What the task requires: Indicate how many lines in the listing below contain the word "that". No other output is permitted.

-------- Record extracts --------

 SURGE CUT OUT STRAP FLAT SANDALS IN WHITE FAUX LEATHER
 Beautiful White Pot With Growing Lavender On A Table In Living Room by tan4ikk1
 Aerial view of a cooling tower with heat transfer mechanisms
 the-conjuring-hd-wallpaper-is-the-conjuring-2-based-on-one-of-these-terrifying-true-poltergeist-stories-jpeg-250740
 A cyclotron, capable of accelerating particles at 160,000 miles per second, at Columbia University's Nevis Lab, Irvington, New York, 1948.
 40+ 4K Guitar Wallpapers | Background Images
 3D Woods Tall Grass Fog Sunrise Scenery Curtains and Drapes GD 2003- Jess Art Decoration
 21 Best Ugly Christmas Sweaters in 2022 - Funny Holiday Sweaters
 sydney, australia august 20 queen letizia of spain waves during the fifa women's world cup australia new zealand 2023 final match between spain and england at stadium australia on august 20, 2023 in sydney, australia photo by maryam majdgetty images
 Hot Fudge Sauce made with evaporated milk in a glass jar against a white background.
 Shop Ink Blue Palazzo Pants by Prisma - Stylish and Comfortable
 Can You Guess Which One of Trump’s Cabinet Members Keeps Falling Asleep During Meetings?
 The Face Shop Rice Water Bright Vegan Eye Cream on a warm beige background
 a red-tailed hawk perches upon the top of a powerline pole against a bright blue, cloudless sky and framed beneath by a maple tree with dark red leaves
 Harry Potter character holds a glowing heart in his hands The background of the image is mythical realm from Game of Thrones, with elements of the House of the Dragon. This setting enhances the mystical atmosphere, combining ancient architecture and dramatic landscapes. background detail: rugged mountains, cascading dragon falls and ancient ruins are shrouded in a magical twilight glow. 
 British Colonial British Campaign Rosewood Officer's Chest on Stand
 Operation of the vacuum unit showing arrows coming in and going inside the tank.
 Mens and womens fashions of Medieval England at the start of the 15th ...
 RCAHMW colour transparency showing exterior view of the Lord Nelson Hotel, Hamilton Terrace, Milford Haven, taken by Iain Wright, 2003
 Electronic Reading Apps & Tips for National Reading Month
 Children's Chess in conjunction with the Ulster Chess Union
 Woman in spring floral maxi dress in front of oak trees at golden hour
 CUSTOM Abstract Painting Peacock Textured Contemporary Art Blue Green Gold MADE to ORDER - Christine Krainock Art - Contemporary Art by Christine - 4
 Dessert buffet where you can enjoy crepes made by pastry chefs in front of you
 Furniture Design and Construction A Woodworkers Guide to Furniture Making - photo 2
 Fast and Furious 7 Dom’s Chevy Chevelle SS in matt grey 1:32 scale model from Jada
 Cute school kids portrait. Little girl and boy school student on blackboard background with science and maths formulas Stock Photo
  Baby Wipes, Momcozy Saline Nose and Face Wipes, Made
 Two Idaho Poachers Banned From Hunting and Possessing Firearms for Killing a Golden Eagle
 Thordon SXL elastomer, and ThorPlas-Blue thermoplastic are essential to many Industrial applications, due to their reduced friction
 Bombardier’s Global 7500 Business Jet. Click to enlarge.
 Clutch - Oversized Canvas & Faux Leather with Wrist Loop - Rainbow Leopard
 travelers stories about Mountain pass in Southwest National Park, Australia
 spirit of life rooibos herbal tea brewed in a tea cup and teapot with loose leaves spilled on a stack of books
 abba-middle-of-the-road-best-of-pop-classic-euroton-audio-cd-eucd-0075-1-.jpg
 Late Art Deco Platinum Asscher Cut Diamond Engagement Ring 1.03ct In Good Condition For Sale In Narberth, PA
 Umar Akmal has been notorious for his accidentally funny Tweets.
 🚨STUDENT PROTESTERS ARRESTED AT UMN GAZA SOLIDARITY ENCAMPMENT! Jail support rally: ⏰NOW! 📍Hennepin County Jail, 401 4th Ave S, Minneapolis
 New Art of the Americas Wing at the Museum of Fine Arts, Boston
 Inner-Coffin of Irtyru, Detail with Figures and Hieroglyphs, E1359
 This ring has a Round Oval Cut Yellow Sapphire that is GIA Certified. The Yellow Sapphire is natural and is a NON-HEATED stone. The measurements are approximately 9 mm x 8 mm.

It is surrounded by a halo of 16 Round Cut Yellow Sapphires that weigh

--------

Answer section: 2